Foggy Windows

1024 205 Augusta Kantra

Here’s a thought I’d like to share…

Let me just begin by saying that there are two sides to every story. This is my side, the right one. ~ Olive Penderghast

I drive a ’66 Mustang. She’s awesome! She’s fun, and she keeps me mindful of what it means to “cruise along.” However, like most of us old gals, she can be a bit ornery at times. Her age shows when it’s rainy and foggy. Her windshield wipers speed up only when I accelerate and her windshield fogs up quickly and completely whenever it’s really humid. And, because I live in the South, these conditions are not particularly rare occurrences.

The other day, coming home from teaching yoga, McKenzie was with me and it was raining. In only a few minutes the windshield was fogged. I pulled out my handily stashed hanky and wiped my side clear. When I pulled up to the next stop sign, I asked her if she wanted to clean her side of the windshield. Her response made me laugh. She said, “Yes! It feels like because I can’t see, you can’t either.”

How often do we unconsciously think that what we “see” is what others see as well?  We imagine that our ‘view of the world’ is correct or true, simply because it is what we see at the time.

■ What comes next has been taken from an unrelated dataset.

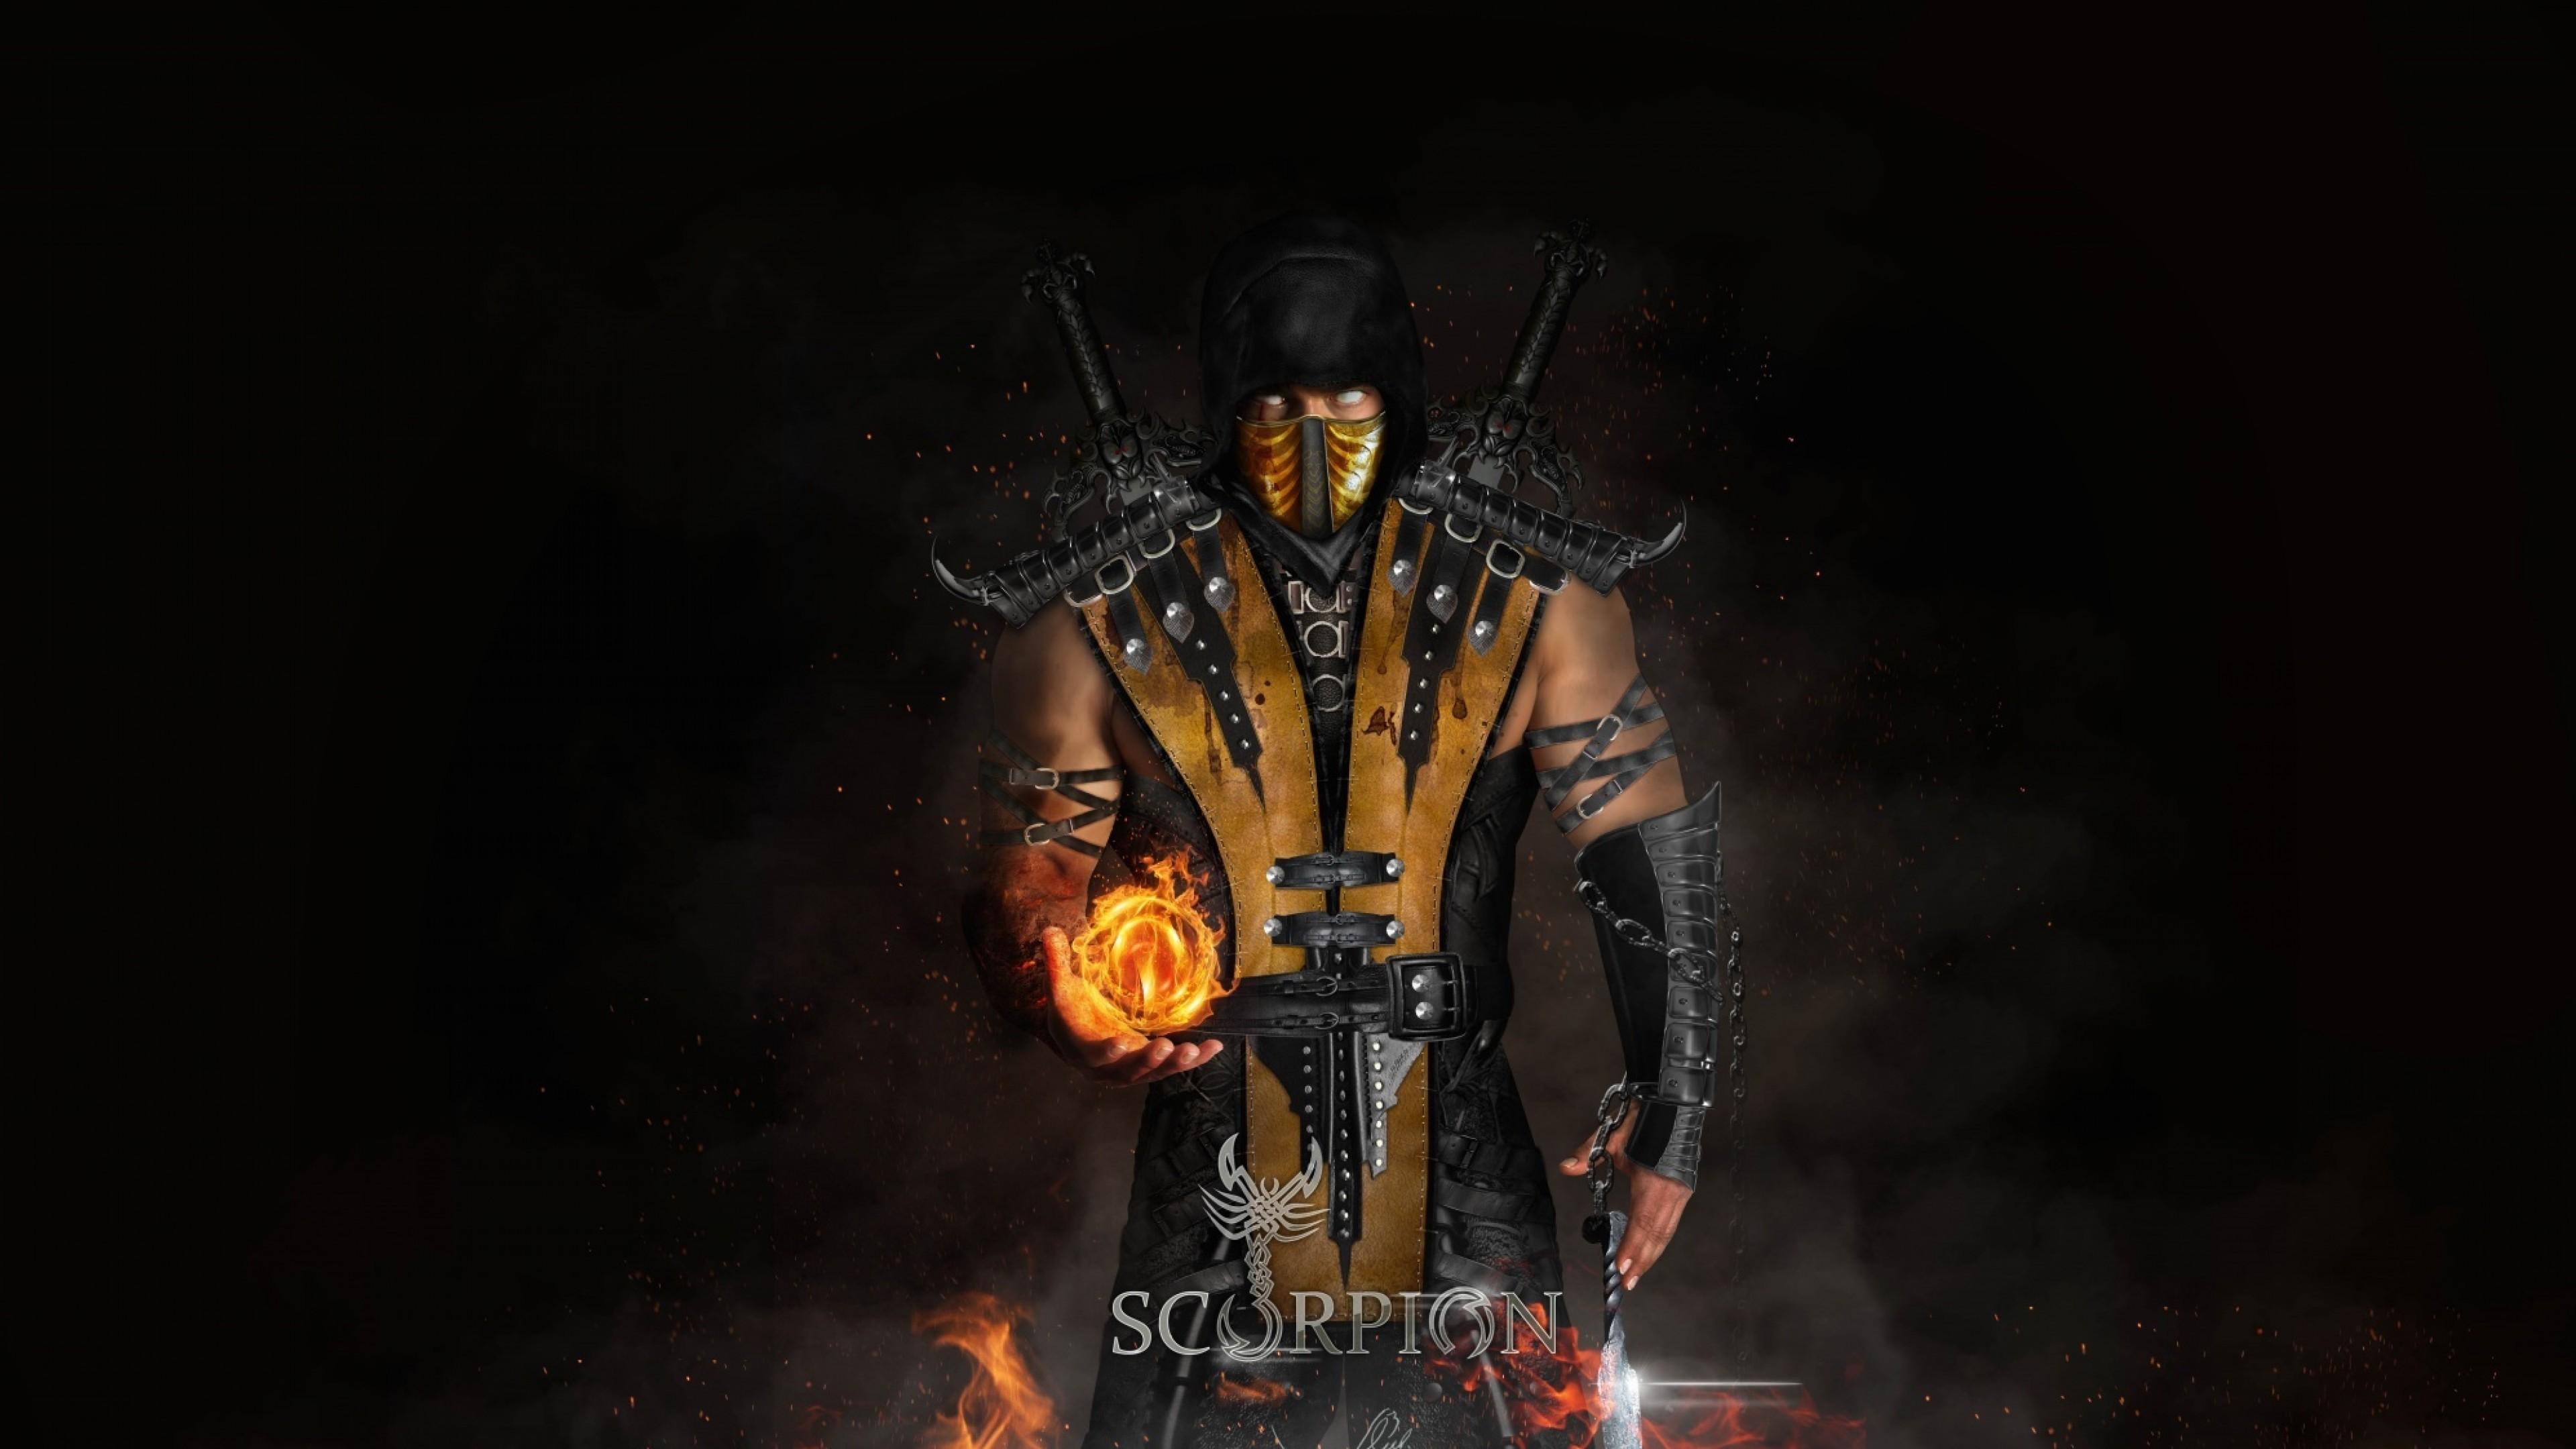 Scorpion Cool Mortal Kombat X Hd Wallpaper For Desktop And Mobiles 4k Ultra Hd Hd Wallpaper Wallpapers Net

What if we took into account that, no matter what we see, think, or believe, there is always more to it? There is more than one side, more than one way, more than one view. We all bring different experiences, habits, and abilities to the moment, and each one of those things can cloud or color the way we see things.

We often judge other people’s behaviors based on how we would behave in the same situation, saying, “I would never do X!” Here’s the rub…how do we know? We can’t know how someone else sees something, but yet we think the person made the decision to do whatever X is with the same view of the world (or situation) that we hold. …Probably not.

So, I pledge to try to remember that just because I see things the way I see things, doesn’t mean that you (or anyone else) see them the same way.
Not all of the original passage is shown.